We will get to dosage later, but I think that something about like doses used for normal adults and in the early trials of prenatal fluoride (1 mg F per day) would probably be enough to get this "perfectly straight teeth" effect. It would ideally be started before pregnancy. Fluoride is, of course, just a small part of early pregnancy nutrition.
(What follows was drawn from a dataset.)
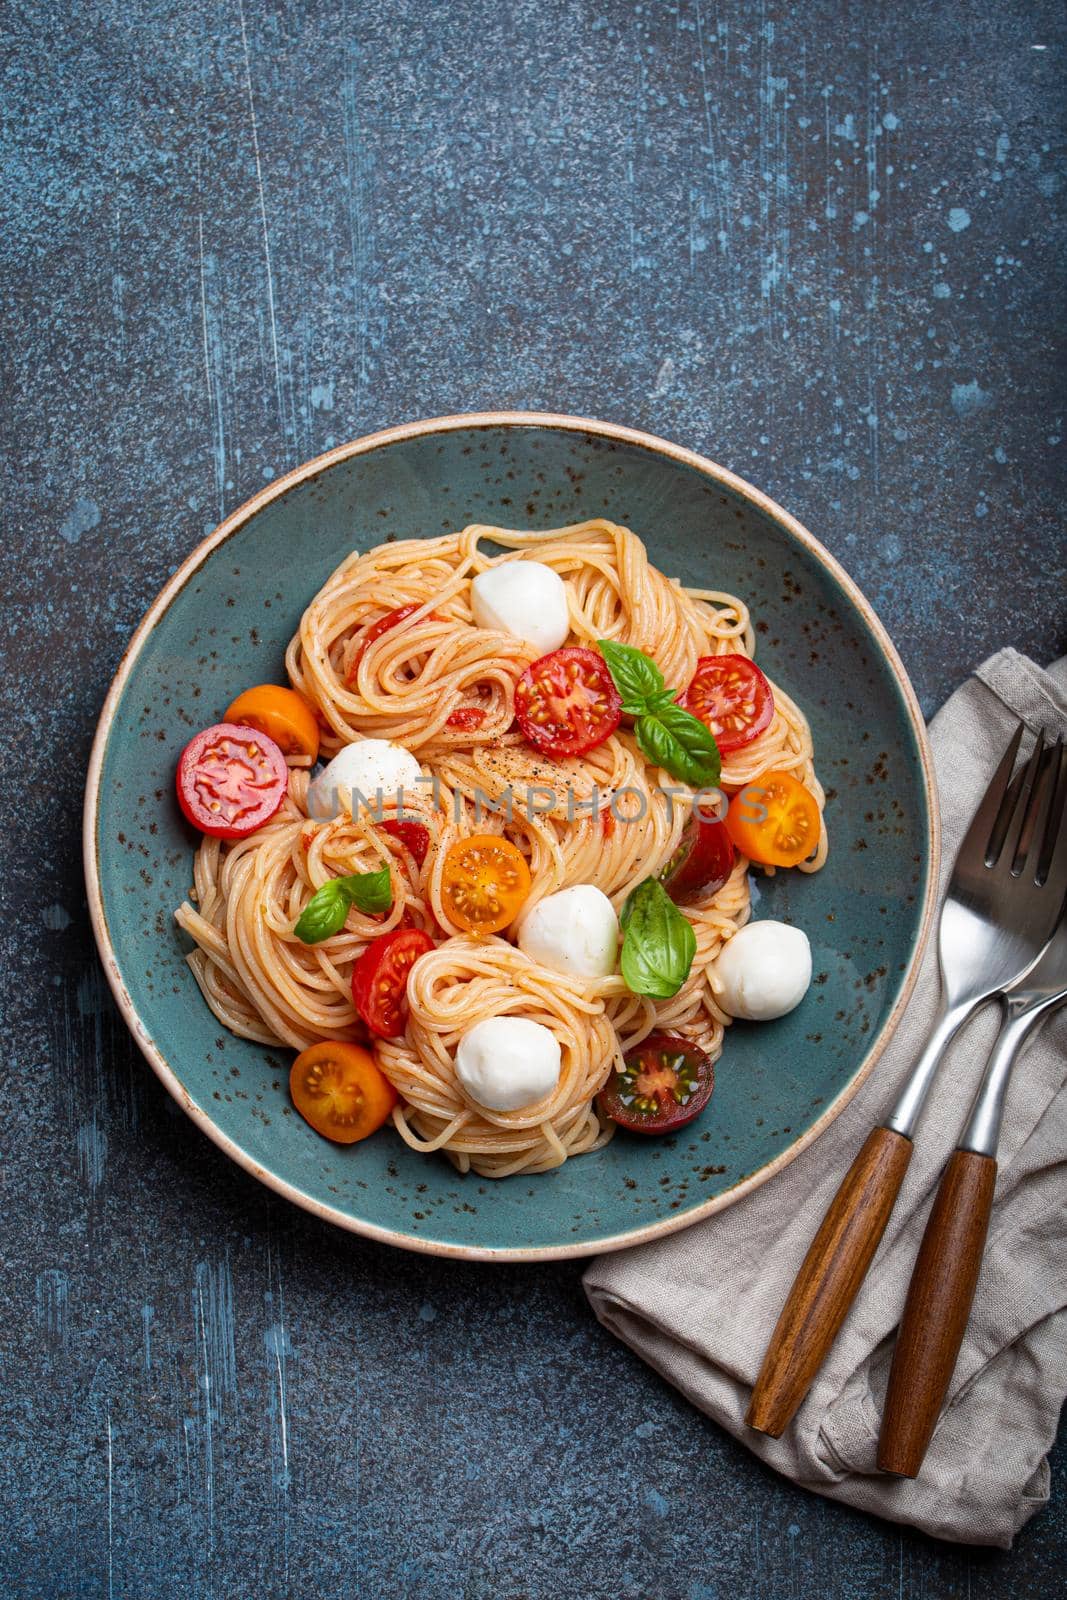 Delicious spaghetti with mozzarella, colourful cherry tomatoes, fresh basil on ceramic plate on rustic stone background top view. Italian healthy tasty food pasta for dinner or lunch

As far as what to look for, I can give you an almost poetic quotation. An early popular nutrition writer, Addelle Davis, really had the vision as far as the importance of early pregnancy nutrition and the shape of the mouth. Note how easy she makes it to understand what to look for in a newborn's mouth: "The ideal dental arch, or the jawbone holding the teeth, should be almost a perfect semicircle; there is plenty of room in such a mouth for all the teeth without crowding. The dental arch should not be the shape of a tall U and certainly not V-shaped, as many are. The roof of the mouth, or dental vault, should be low and rounded like the roof of a Quonset hut, not like that of a high Swiss chalet built so that snows slide off quickly." (From her 1972 book that emphasizes folic acid in early pregnancy, 20 years ahead of organized medicine. She didn't quite get into fluoride.)

References and notes from above:

*The Glenn report is in French:  Dental Income and Prenatal Fluoride / Glenn FB, 1983.  La Prevention Bucco-Dentaire 13:27 [Jan-Mar]. I could not find this article using normal sources, and got mine, a translation, from the Glenn's foundation.

**Aasenden R, Peebles TC. Effects of fluoride supplementation from birth on human deciduous and permanent teeth. Arch Oral Biol 1974; 19:321 and 1978; 23:111. These reports are by far and away the best of early trials of pediatric fluoride.

***

Data for idea that rough-tough cattle food has about 100 times the fluoride of modern human food

Fluoride in ppm F

Cow foods (Newell) (low F area)

Hospital foods (Taves) (F H2O)

grain 4-27

grain foods .04-1.06

pasture grass 3-12

leafy veggies .04-.37

Sources:

Newell GW, Schmidt HJ. The effects of feeding fluorine, as sodium fluoride, to dairy cattle - a six-year study. Am J Vet Res 1958; 19: 363-76.

Taves DR. Dietary intake of fluoride ashed (total fluoride) vs unashed (inorganic fluoride) analysis of individual foods. Br J Nutr 1983;49:295-301.

 

**** Sources for the idea that hunters and gatherers had no cavities to speak of:  Sealy JC; Patrick MK; Morriss AG; Alder D. Diet and dental caries among later stone age inhabitants of the Cape Province, South Africa. Am J Phys Anthropol 1992 Jun;88(2):123-34. (Zero caries in one group, 17.7%[= "extremely high"] in another. Fluoride in ground water given the credit, but also fluoride in seafood.) Cohen MK. Health and the rise of civilization. Yale Univ Press 1989. Caries came with ag (pg 107): "Rates of caries go up so uniformly with the adoption of agriculture that several scholars have inferred agricultural diets from high caries rates in the absence of confirming food refuse (cites)". Ditto enamel defects: "They [enamel hypoplasias and microscopic enamel defects] are almost invariably reported to have become more frequent and/or more severe as farming replaced hunting and gathering... (cites)".

***** You can find Price's books in many libraries, certainly medical ones. Another more recent source with a few of Price's pictures is Schmid RF. Traditional foods are your best medicine Ballantine Books 1987. (The main point of this book is the lack of caries and malocclusion from traditional foods, and the staggering changes that occurred as soon as people shifted to white flour, sugar, etc. All of these foods are very low in fluoride, but this book doesn't touch that connection.)